• [DIRECTIONS FOR THIS TASK]: Retype all data exactly as given. Pictures should not be retyped.

• [INFORMATION SUPPLIED]:
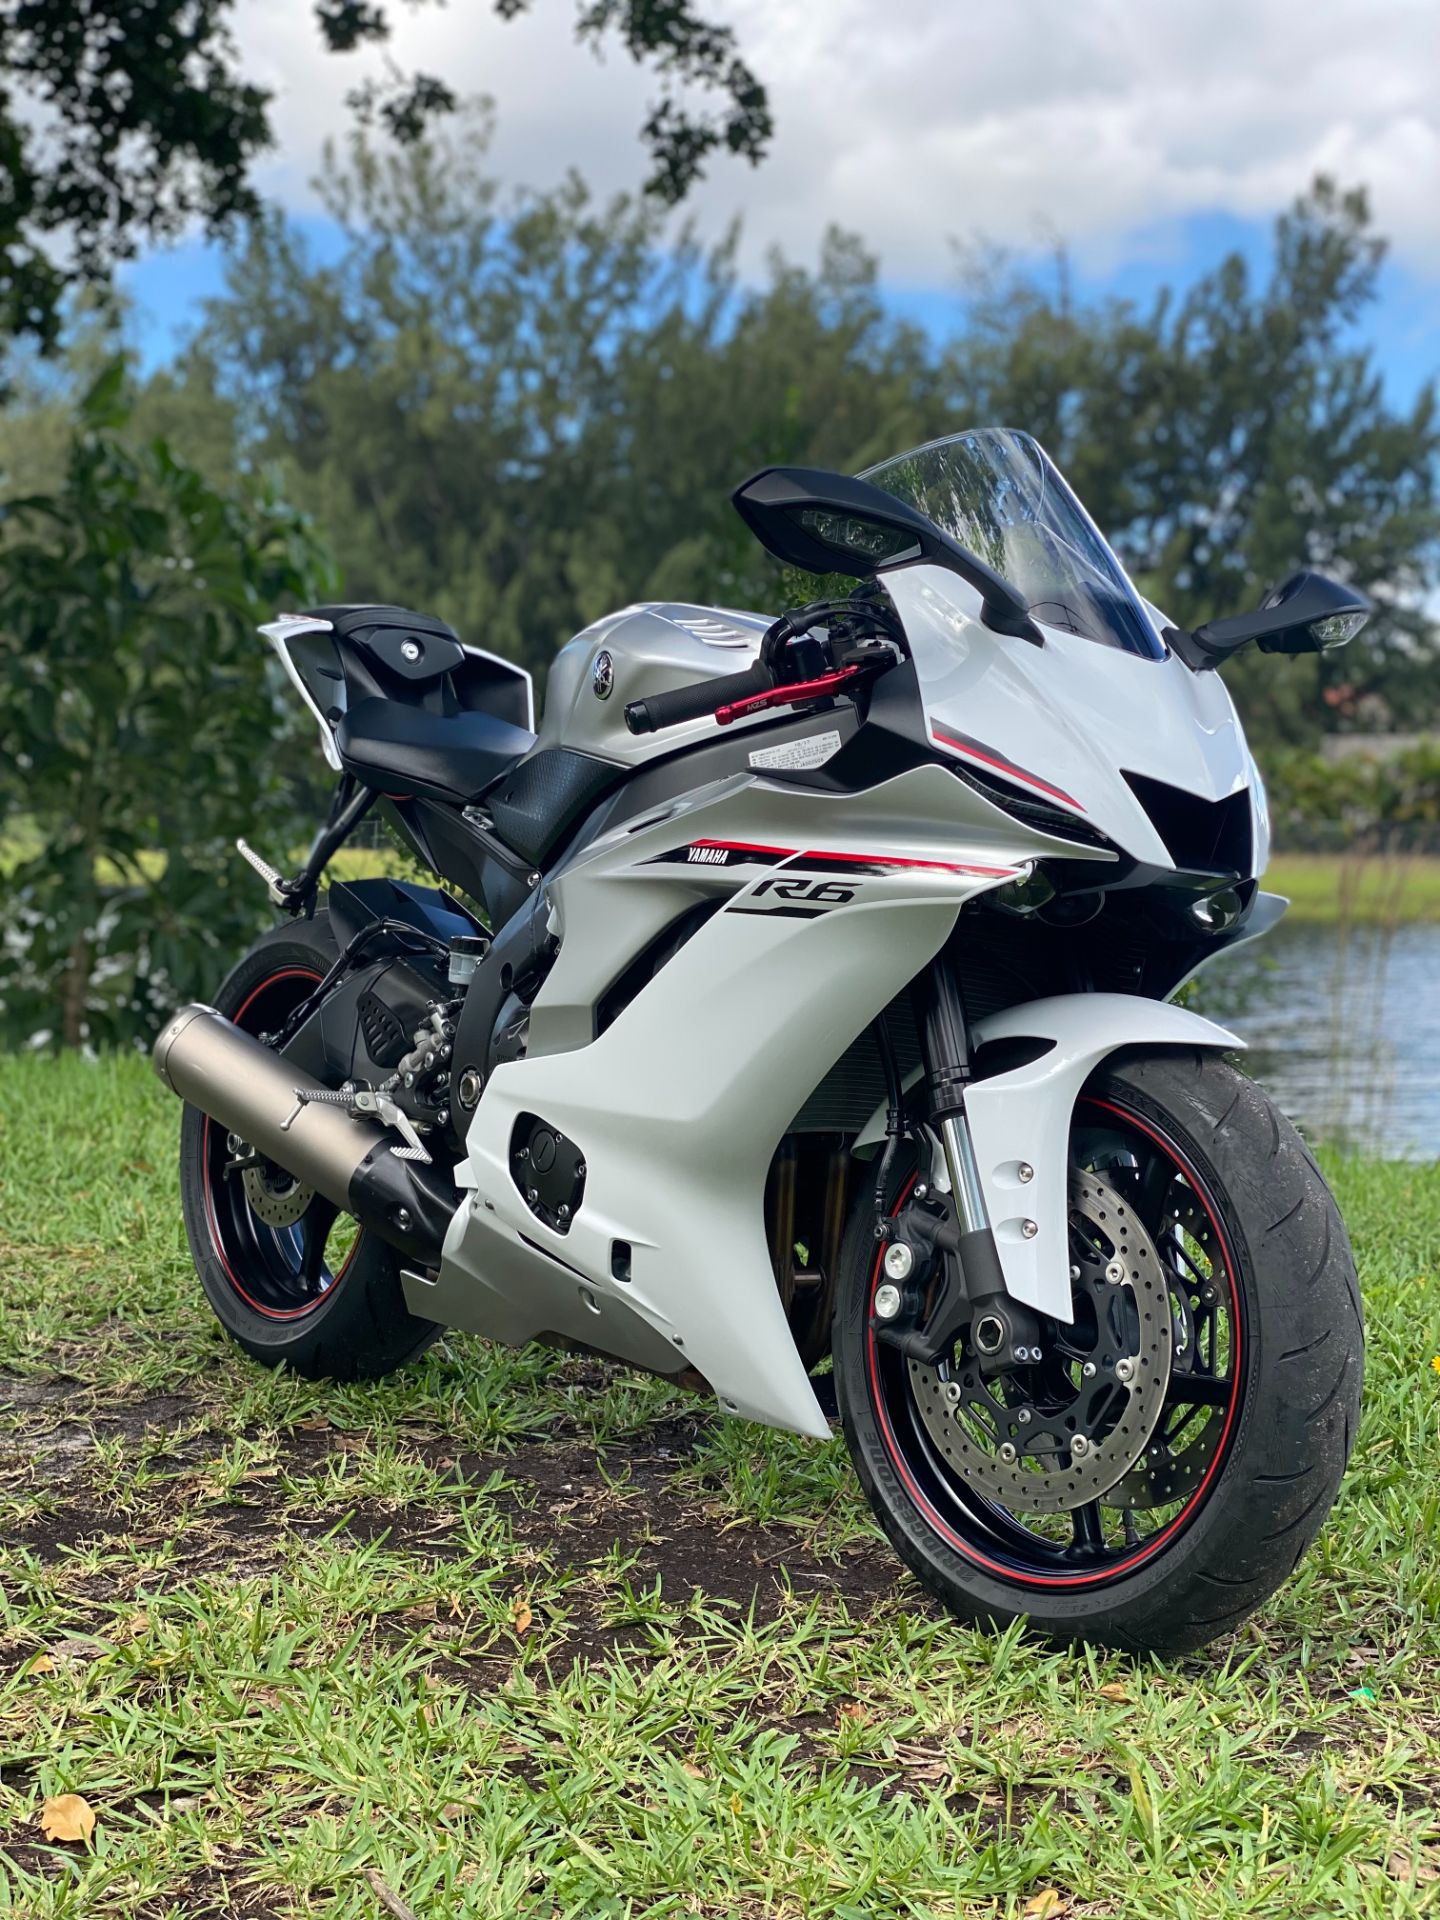 2018 Yamaha YZF-R6 in North Miami Beach, Florida - Photo 2
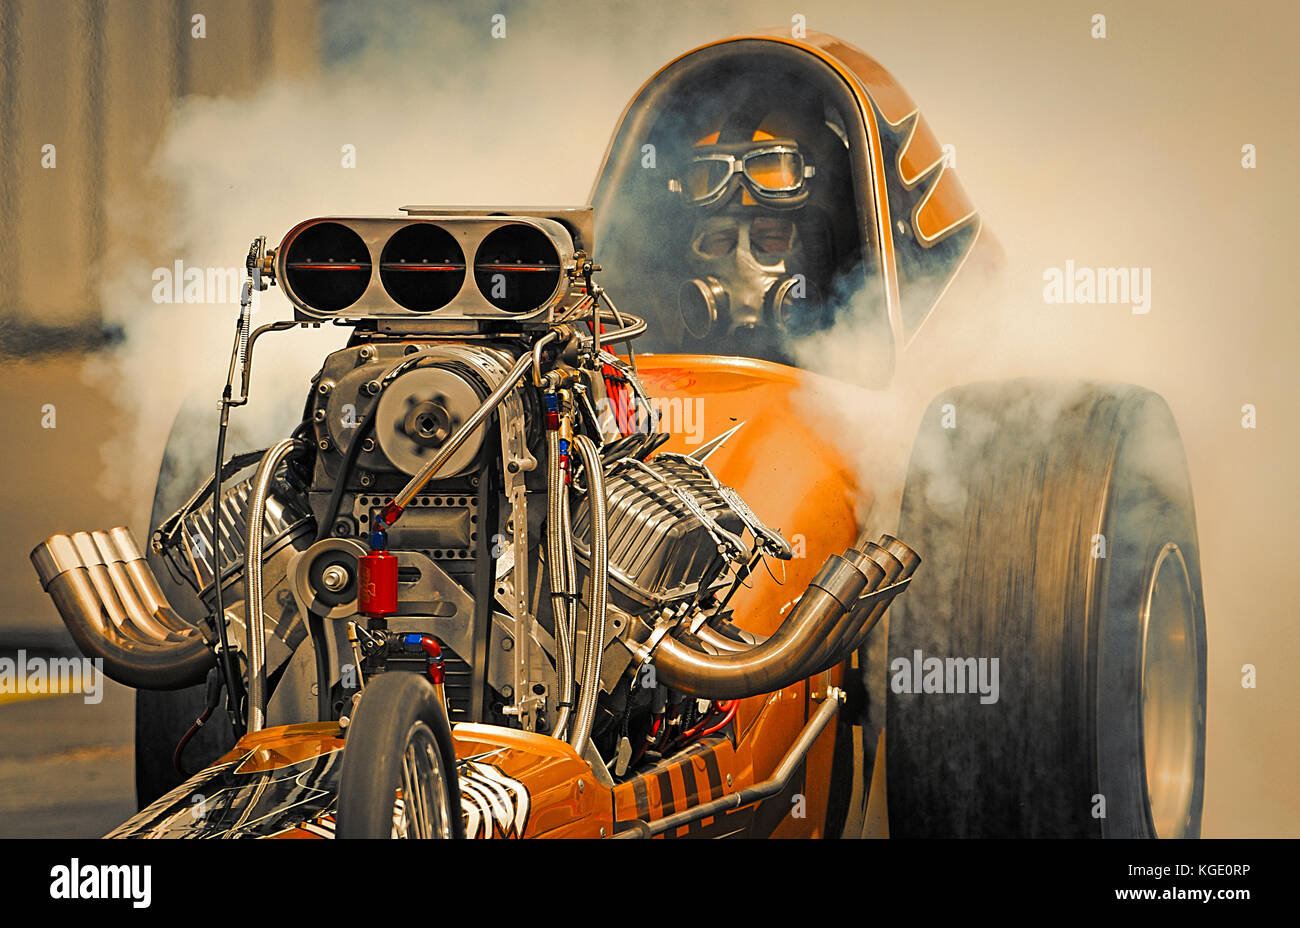 Jon Webster esegue un burnout nel suo slingshot dragster a Santa Pod Raceway Foto Stock
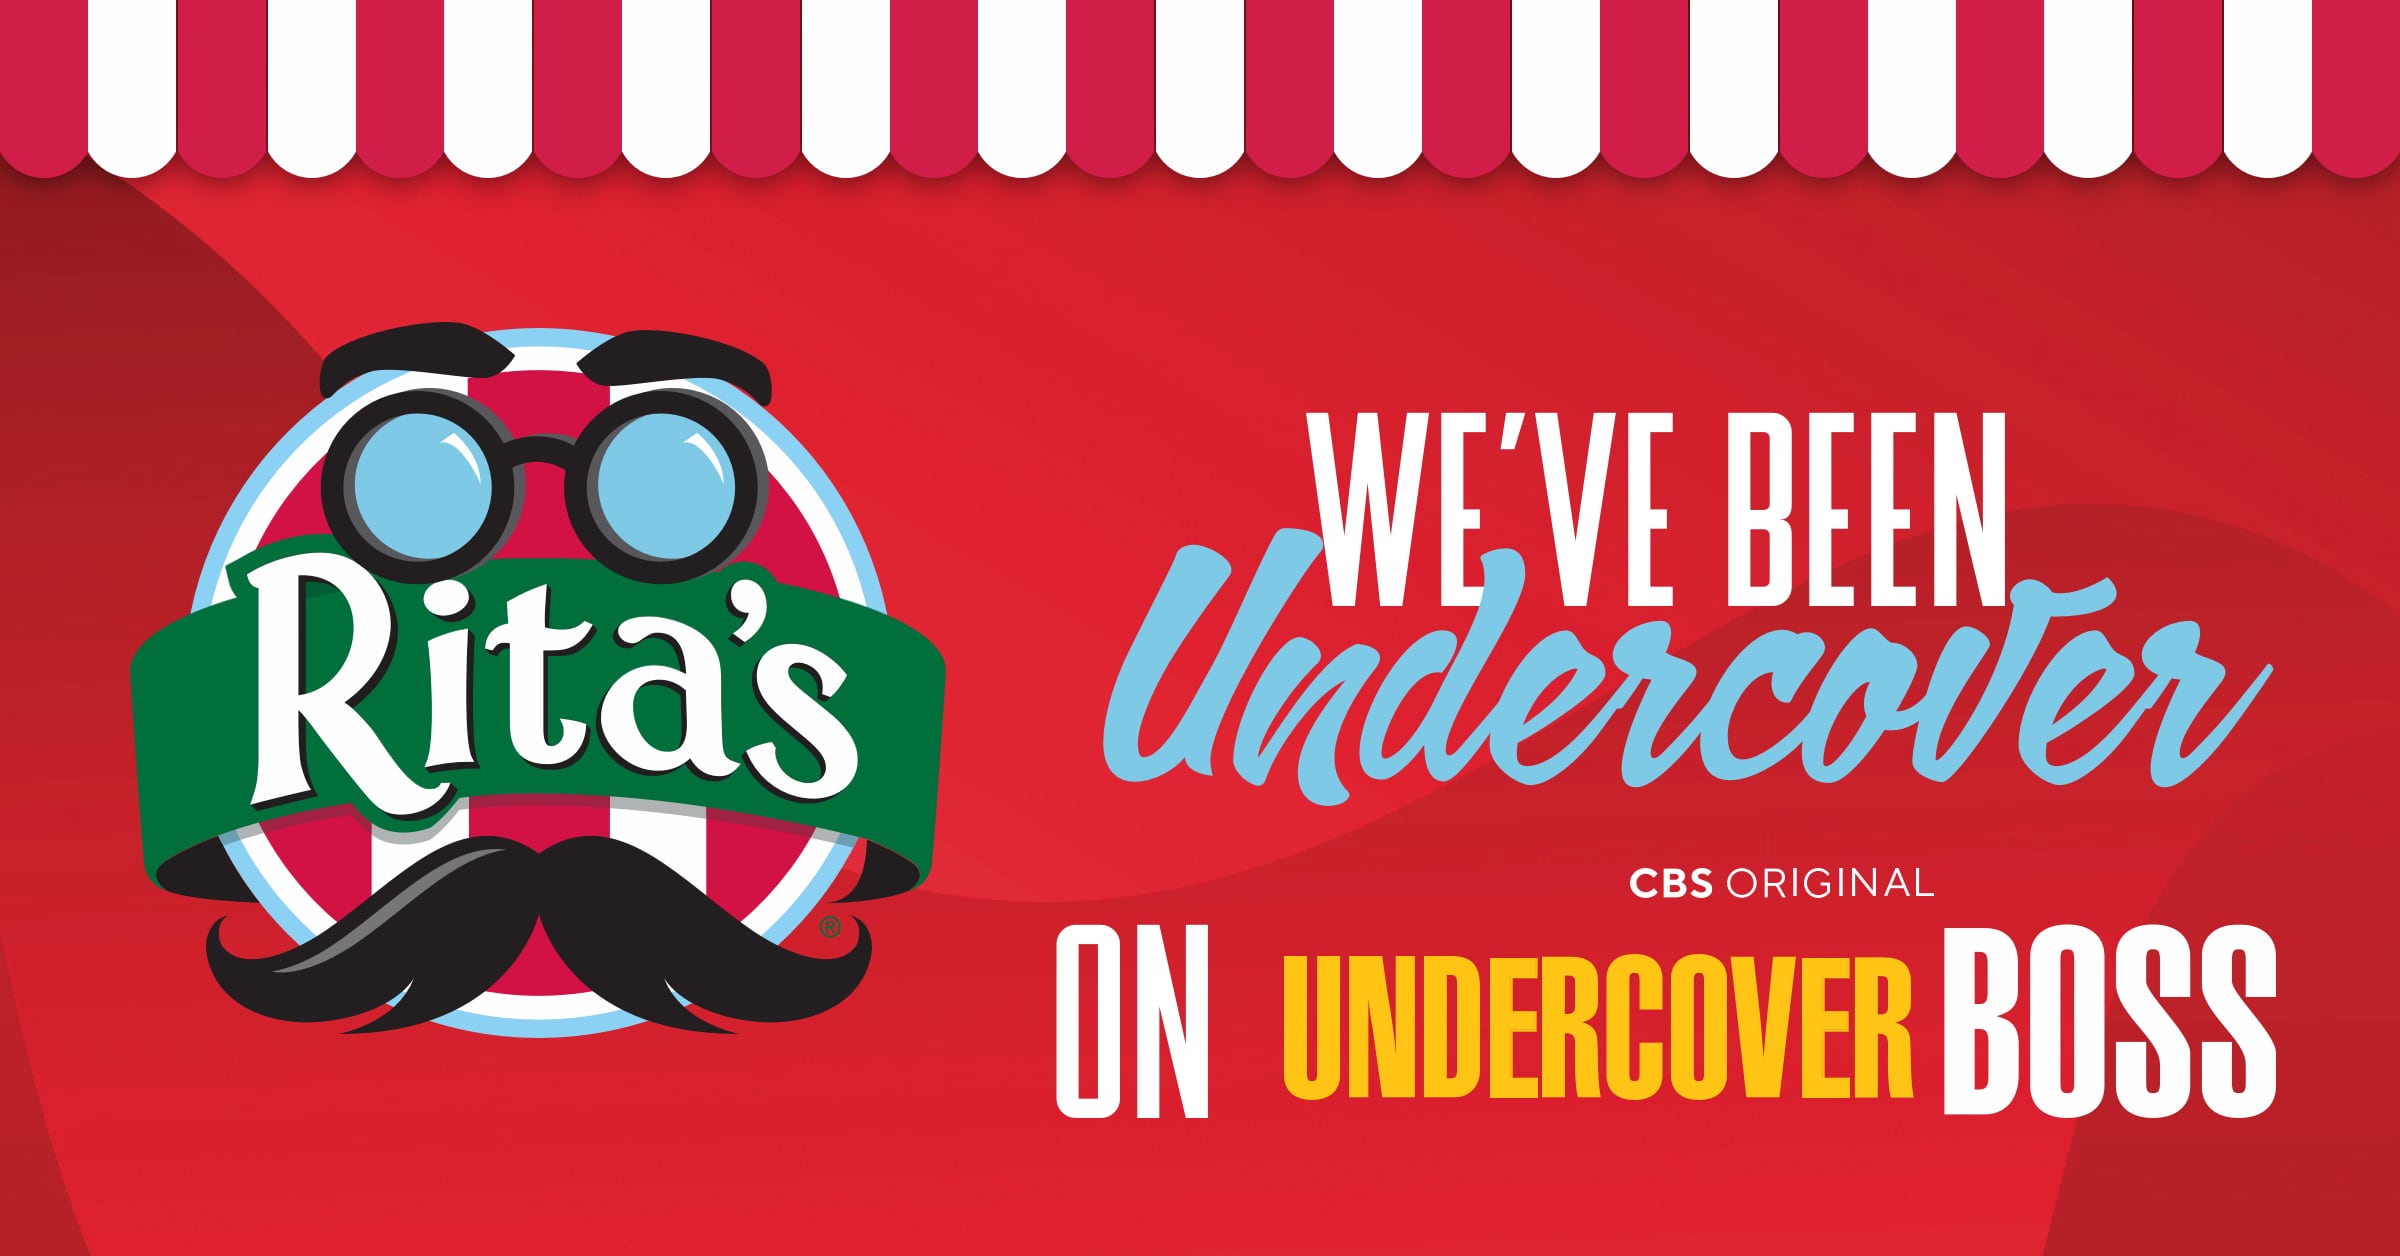 We've been Undercover on Undercover Boss
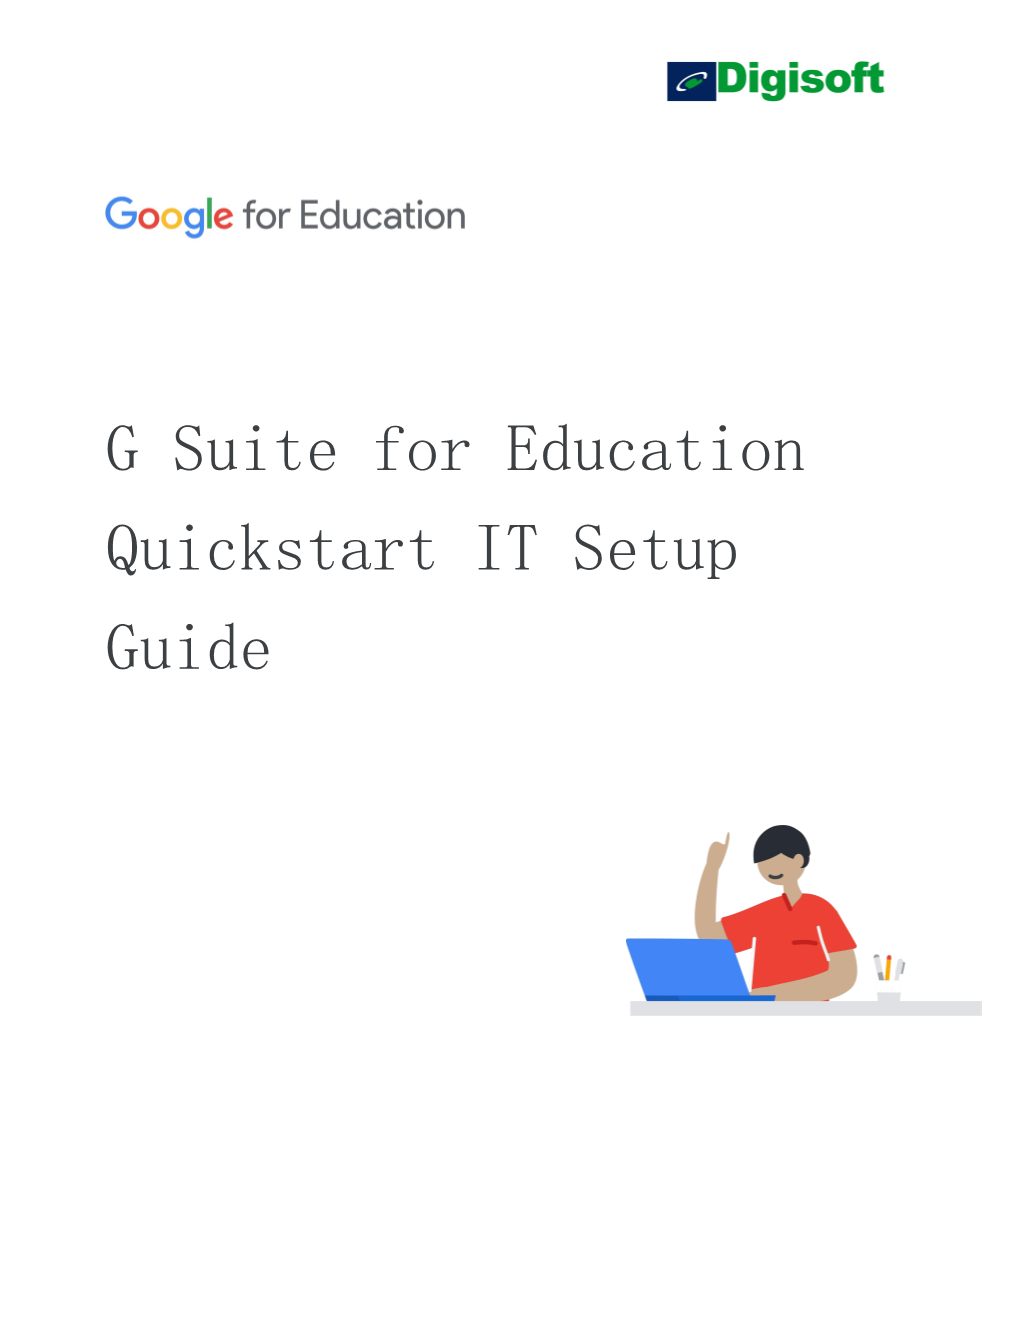 Google for Education Quickstart Setup Guide

• [YOUR RESPONSE]:
 2018 Yamaha YZF-R6 in North Miami Beach, Florida - Photo 2
 Jon Webster esegue un burnout nel suo slingshot dragster a Santa Pod Raceway Foto Stock
 We've been Undercover on Undercover Boss
 Google for Education Quickstart Setup Guide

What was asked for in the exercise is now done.